Please check if I solved this correctly and if there are any mistakes. Many of steps are well known properties , so I might have skipped them.
To prove:
$$\int x^{x^{x^{.^{…….}}}} dx= – \sum_{n=1}^{\infty}\frac {(-n)^{n-1}}{n!} \Gamma(n, -\ln x)$$
To start of,
$$ \int x^{x^{x^{.^{…….}}}} dx= \int\frac {-W(-\ln(x))}{\ln(x)} dx$$
where $W( )$ is the Lambert-W function.
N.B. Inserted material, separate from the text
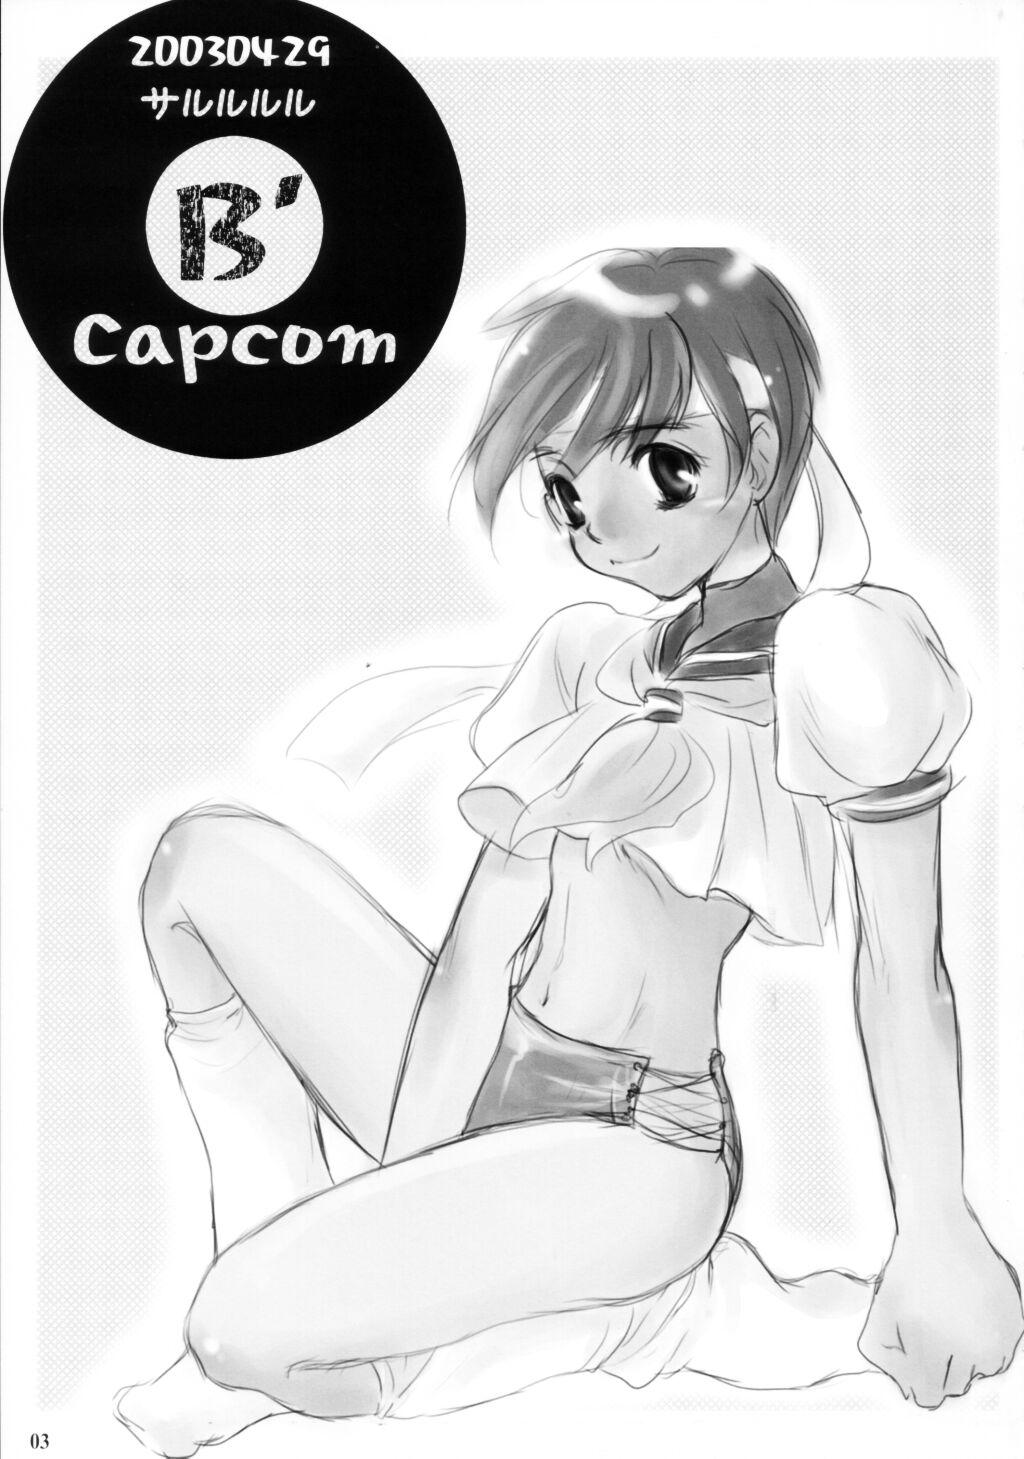 B' Capcom 1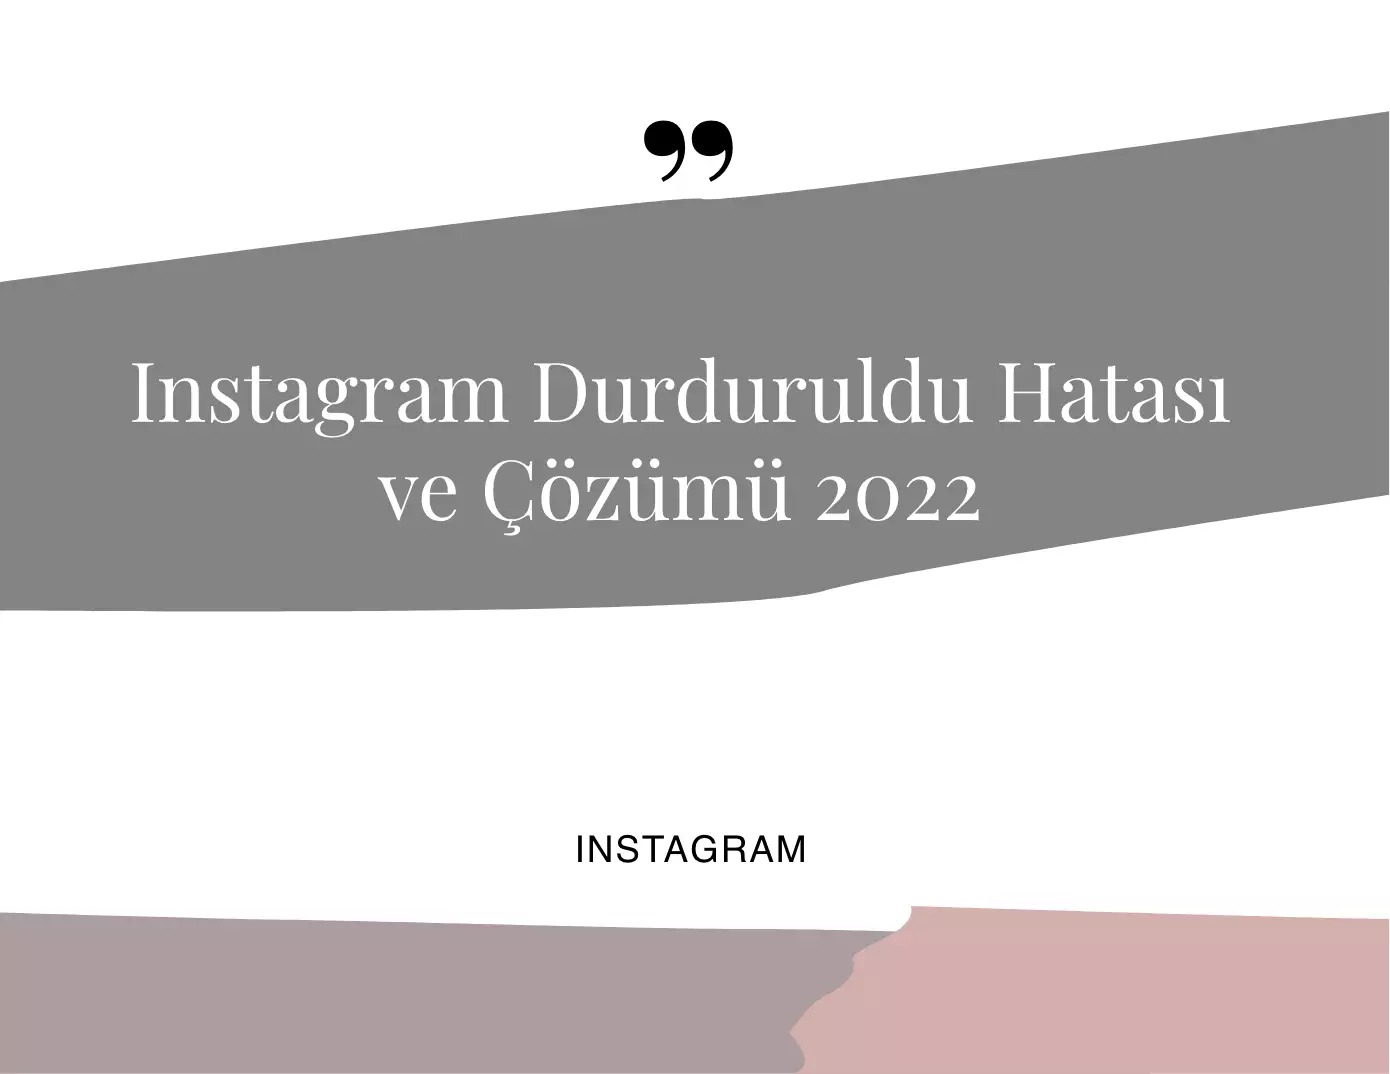 Instagram Durduruldu Hatası ve Çözümü 2022

This can be verified by wolfram alpha https://www.wolframalpha.com/input/?i=y%3Dx%5Ey
let $ -\ln x=t $
$$ x=e^{-t} $$
$$dx =-xdt $$
$$ \therefore \int\frac {-W(-\ln(x))}{\ln(x)} dx =- \int \frac {W(t)}{te^t}dt $$
Now expanding $W(t)$:
$$ W(t)= \sum_{n=1}^{\infty}\frac {(-n)^{n-1}}{n!}t^n $$
$$ \therefore – \int \frac {W(t)}{te^t}dt= -\frac{1}{te^t}\sum_{n=1}^{\infty}\frac {(-n)^{n-1}}{n!}t^n = -\sum_{n=1}^{\infty} \int\frac {(-n)^{n-1}}{(n!)te^t}t^n dt=-\sum_{n=1}^{\infty} \int\frac {(-n)^{n-1}}{(n!)e^t}t^{n-1} dt$$
Also, $\int t^{n-1}e^{-t} dt=-\Gamma(n,t) $
$$\therefore~ -\sum_{n=1}^{\infty} \int\frac {(-n)^{n-1}}{(n!)e^t}t^{n-1} dt = \sum_{n=1}^{\infty} \frac {(-n)^{n-1}}{(n!)}\Gamma(n, t) $$
Substituting $ t= -\ln x $ back into the final equation:
$$\int \left( x^{x^{x^{.^{…….}}}} \right) dx = \sum_{n=1}^{\infty} \frac {(-n)^{n-1}}{(n!)}\Gamma(n, -\ln x) $$
Edit: I am now pretty sure this is correct as by looking at the desmos graph https://www.desmos.com/calculator/v0uulbfbsa , you can see that both the graphs match in the range of $e^{-e} \lt x \le e^{1/e}$. This is the same range at which the integral of $x^{x^{x^{.^{…….}}}}$ is defined.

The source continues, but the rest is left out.